The YouTube phenomenon has been one of the biggest success stories of all in cyberspace.
Over the years, YouTube has gone from being a weird corner of the web made up of curious, strange and often forgettable video clips, to a site that attracts millions of viewers every day – some of whom have essentially ditched all other forms of video viewing in favor of mining the vast trove of material YouTube carries on its platform.
In the years since Google acquired YouTube, traffic and usage have exploded, even as the video fare has become more varied (and also more professional).
But there’s one holdover from the early years that continues to bedevil Google: YouTube is a repository of some of the most inflammatory, puerile and downright disgusting commentary that passes for “discourse,” posted by all manner of rabble.
But now, Google is signaling a strategy that has the potential to clean up the crude comments on YouTube – and in a big way.

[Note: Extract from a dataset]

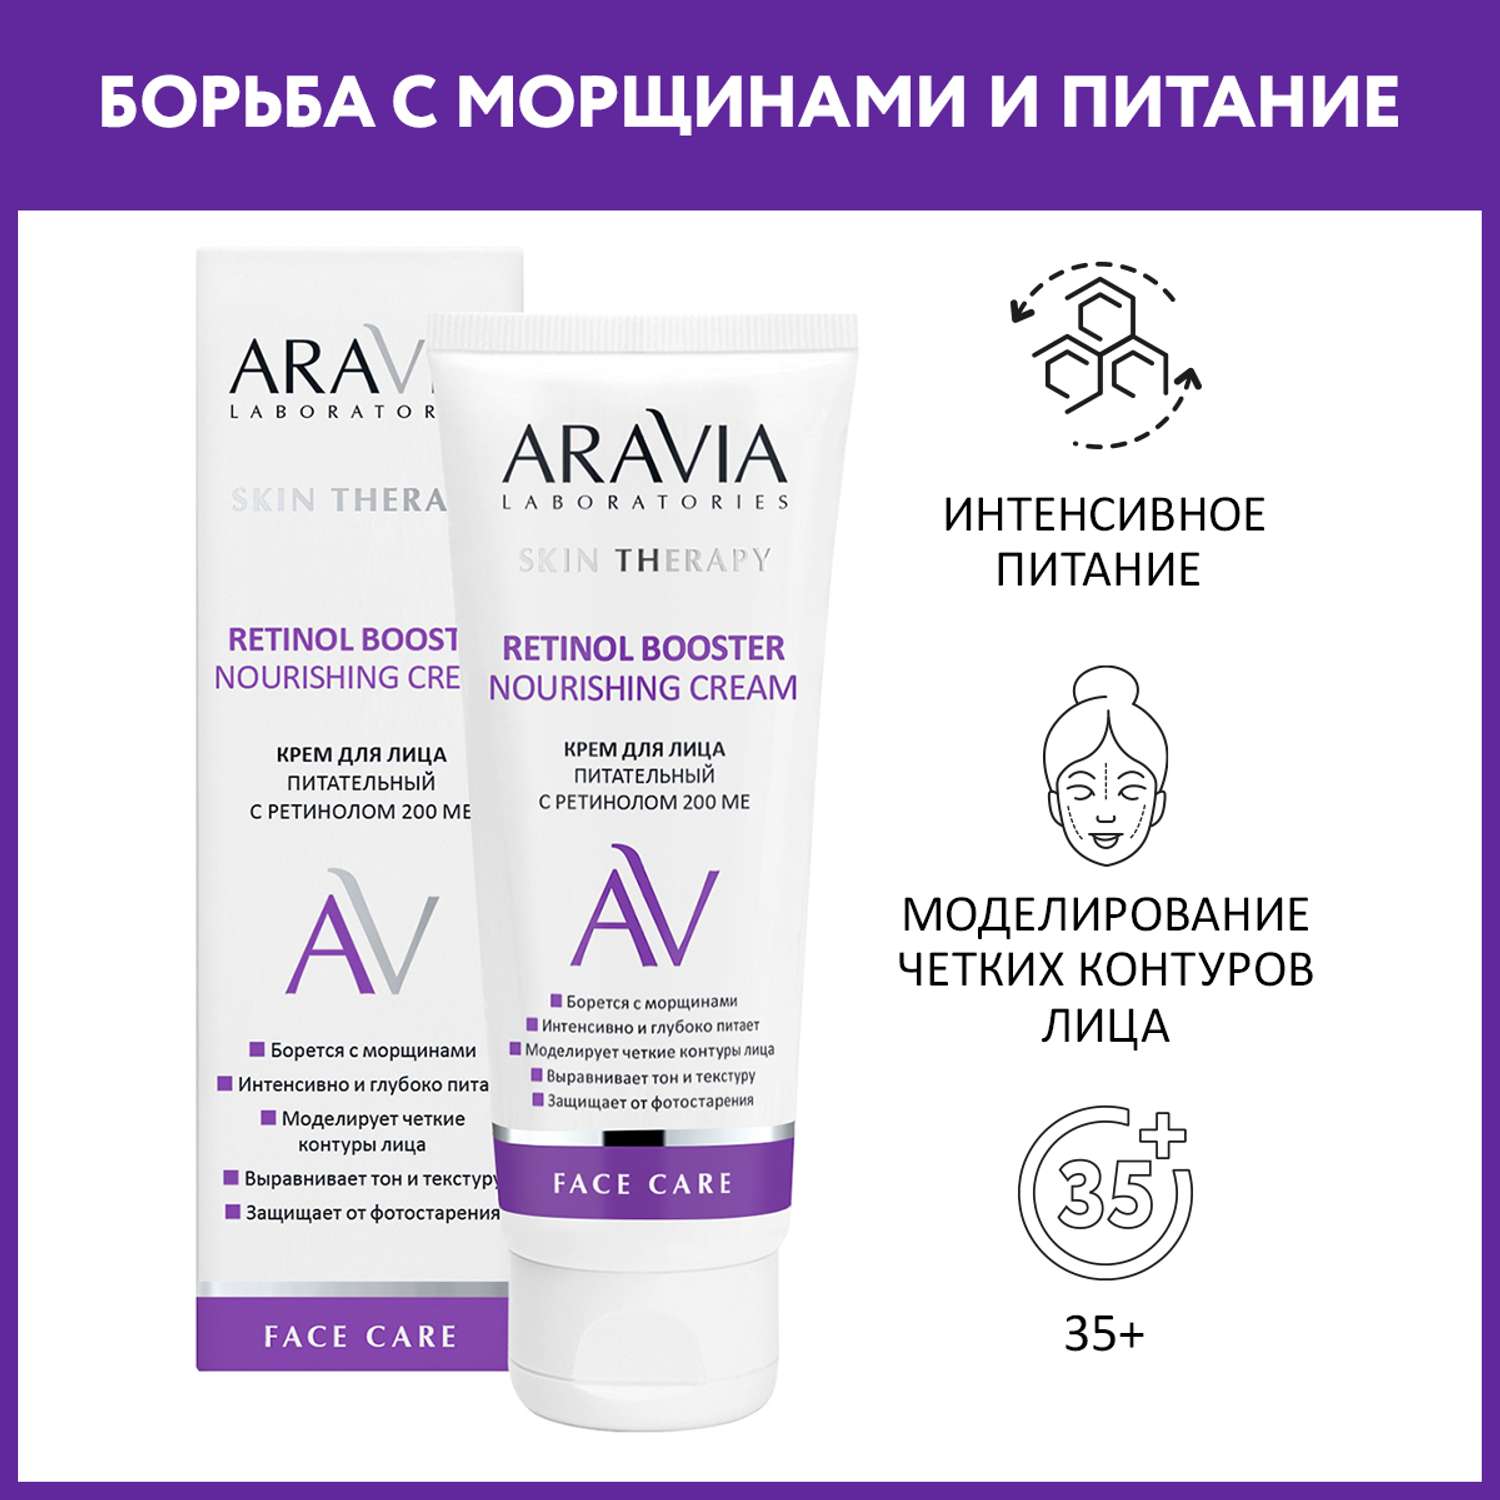 Крем для лица ARAVIA Laboratories питательный с ретинолом 200 МЕ Retinol Booster Nourishing Cream 50 мл - фото 1

YouTube is now strongly encouraging users to post their YouTube comments using the name identity associated with their Google+ account.
In fact, if you decline to do so after being prompted, you’ll be asked to state a reason why, underscoring the nudge away from “screen name anonymity” and towards “real-name identity.”

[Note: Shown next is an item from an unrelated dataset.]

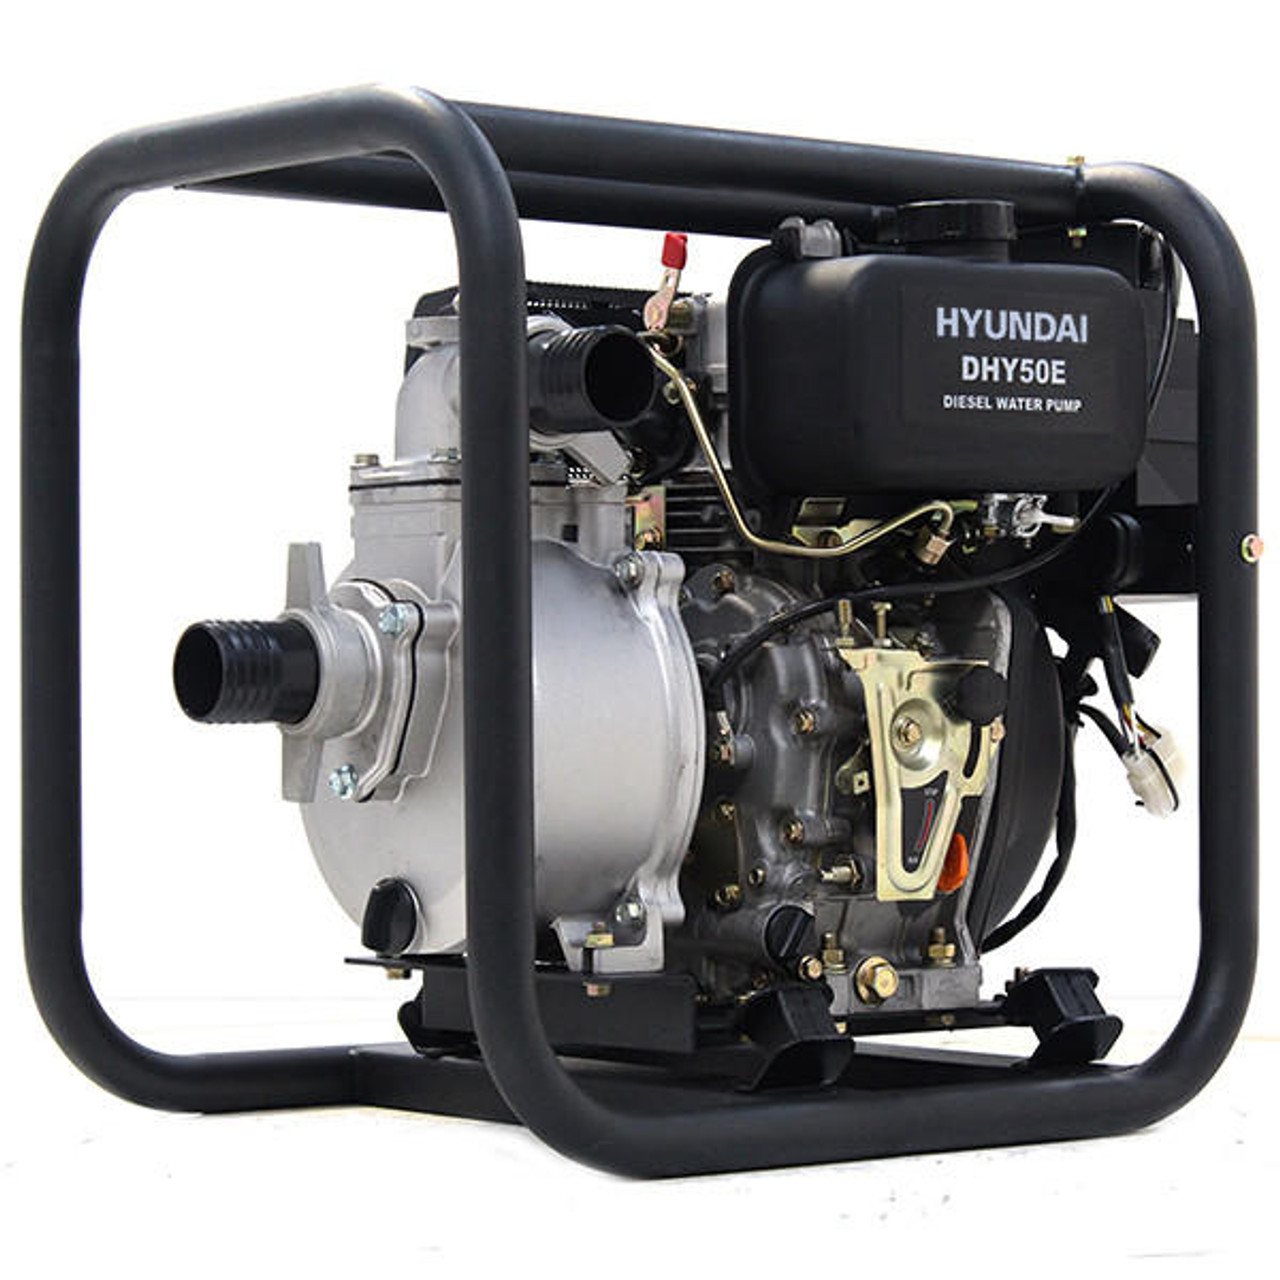 Hyundai 50mm 2''Diesel Water Pump, 25m Total Head, 8m Lift, 600L/min Flow  Rate, 6hp, 221cc

The notion is that people will be less likely to post flaming comments when their “true” web identity is known – that people will exude good behavior in “polite cyber-company,” as it were.
Of course, one needs to possess a Google+ account in order to link his or her identity on YouTube. But that’s for today only; some observers see YouTube’s move as just the first step toward hiding – and eventually eliminating – all comments coming from anonymous accounts.

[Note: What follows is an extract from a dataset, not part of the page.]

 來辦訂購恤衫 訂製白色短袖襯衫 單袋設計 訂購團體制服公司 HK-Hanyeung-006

So the new bargain will be something closer to this: “Open a Google+ account and link your YouTube account to your Google+ account … or else forfeit your ability to post any comments at all on YouTube.”
The likely result will be a much more “sanitized” YouTube – less edgy, but also less red-faced embarrassing. And that’s just what many brands, businesses and advertisers would like to see happen.
Of course, YouTube’s moves may well spur the launch of an alternative site that seeks to preserve the (nearly) anything-goes environment of the YouTube of yore.
Perhaps it could be called “YouCrude,” But, as it happens, that handle’s already been nabbed — by a fellow WordPress blogger!
The “sanitizing” of youtube is a mixed bag indeed. The motive is the distasteful, and the reduction of vile underbelly is the pop-pop fizz-fizz.
Everything any of the humungous internet dominators do is for profit, no doubt. Advertising incoming in this case. In almost all cases? This makes the sanitizing idea hypocritical. Let me explain why:
What may turn out a relief is the ebbing of public purging. We have been on the receiving end of such unmitigated public hate mail ourselves. There seems to be a sense of limitless entitlement, mostly of people who might barely pass a GED, to seek out essentially innocent and factual and at times quite private expression of sentiment, opinion, esteem (high and low) … and then trash it with the most unreflected and needlessly aggressive responses.
Even subjects around which one might expect some degree of civilized behavior attract that kind of mental and emotional diaper dumping. Example: Classical music. I have seen the most base name-calling in response to posts praising one conductor over another, and at times not even over another. Opinions about singers are an even worse trigger. And the ladder goes down from there.
While I could stop here and feel sorry for us all, I feel like going one step further … down. The question is why do people feel such a strong need for a relief valve? (This vein of questioning does in no way excuse their behavior.) The answer is in the question: Pressure, an excess of pressure for which many seem to have no tools to deal with in a lasting and non-destructive fashion. Sure, there are things one can do, such as the average amount of alcohol, television, shopping, and other consumer behavior, and most people do that.
And here, the circle becomes vicious because the “corporate dominators” are the very ones who generate that excess pressure by the very marketing for the sake of which they wish to clean up the advertising tools like YouTube. And that, in short, is why the proposed move, on a corporate level, is hypocritical.